= Bloodsongs =

Bloodsongs magazine was created by Steve Proposch and Chris A. Masters in 1993 as a vehicle for original Australian horror fiction. It was published by Bambada Press in Melbourne Australia from 1993 to 1997.

The Melbourne University Press Encyclopaedia of Science Fiction & Fantasy (1998), edited by Paul Collins considers Bloodsongs to be "Australia's first professional horror and dark fantasy magazine" (p. 143). According to this source "the best dark fantasy tales from [issues after No 3] are: "What the Stone of Ciparri Says" (Bloodsongs 6), a sinister ghost story by Francis Payne; "The Hanging People" (Bloodsongs 7) by Kaaron Warren, a surreal, abstract tale that examines the morality of cigarette manufacture; and "The Bloom of Decay" (Bloodsongs 7) by Patricia McCormack, a darkly Gothic piece."

The first three issues of the magazine were co-edited by Steve Proposch and Chris A. Masters. Issue One contained an interview with Leigh Blackmore. Bill Congreve, Sean McMullen and Steve Paulsen's William Atheling Jr award-winning essay, "A History of Australian Horror", notes that "Issue 1 received some criticism for tending towards the splatter end of the genre... A Category One Restricted rating by the Attorney General's department saw it restricted to readers 18 years and older, and banned altogether in the state of Queensland." (Bonescribes: Year's Best Australian Horror 1995, p. 135)
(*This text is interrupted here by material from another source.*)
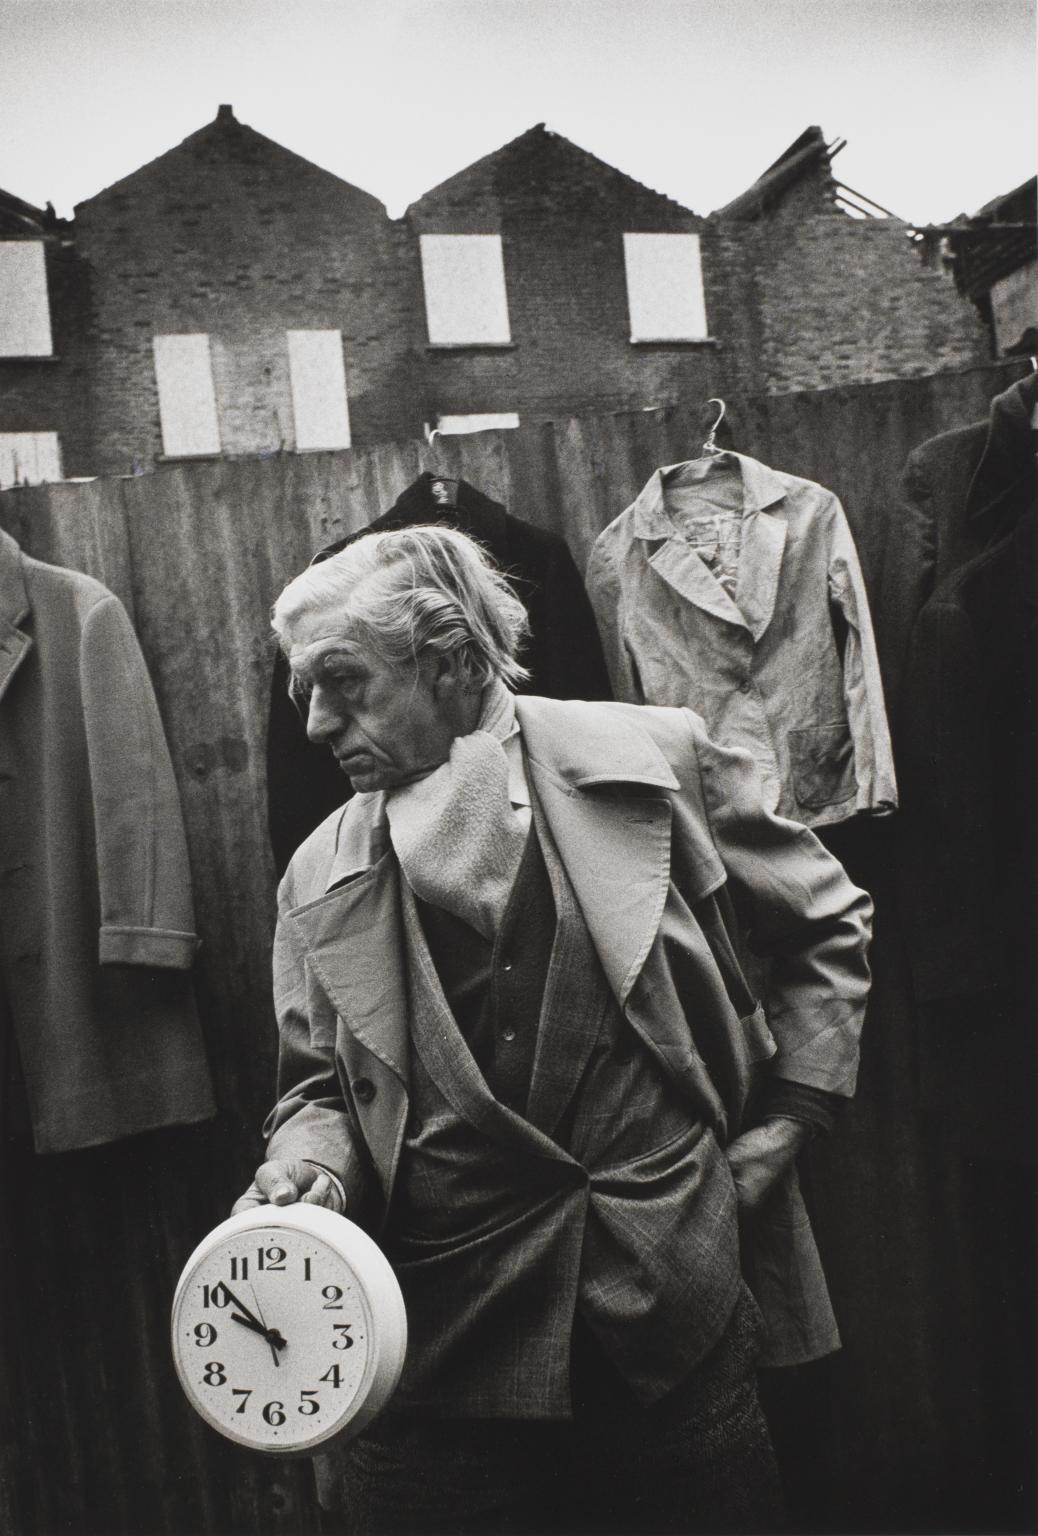 Edward s hodinami, Cheshire Street Market, Londýn, 1983

Issues 4-7 were edited-in-chief by Steve Proposch and co-edited by Chris A. Masters and Bryce J. Stevens. According to the MUP Encyclopaedia, issues 4-7 reflected a "swing away from graphic horror to a more balanced approach." (p 143). Writers who published stories in the magazine included Ramsey Campbell, Poppy Z. Brite, Robert Hood, Sean Williams, Richard Harland, Kyla Ward, Kaaron Warren and D.F. Lewis.

During that time all published contributions to the magazine were paid for, and all submitters were offered detailed and prompt feedback on their fledgling work. Kyla Ward acted as NSW agent and advertising manager for the magazine.

In 1997, Bloodsongs was taken over by Implosion Publishing, based in the USA. The Implosion Publishing issues (Nos 8–11) were given UK distribution through BBR Distribution of Sheffield. In the US it was sold through heavy metal record shops and other outlets. Steve Proposch remained fiction editor until issue 10 (1998), after which publication of the title was discontinued. Due to an agreement between Bambada Press and Implosion Publishing, copyright for the title and masthead design has now reverted to the original owners, being Steve Proposch and Chris A. Masters.

Bambada Press also published one separate chapbook - Olympia by Francis Payne.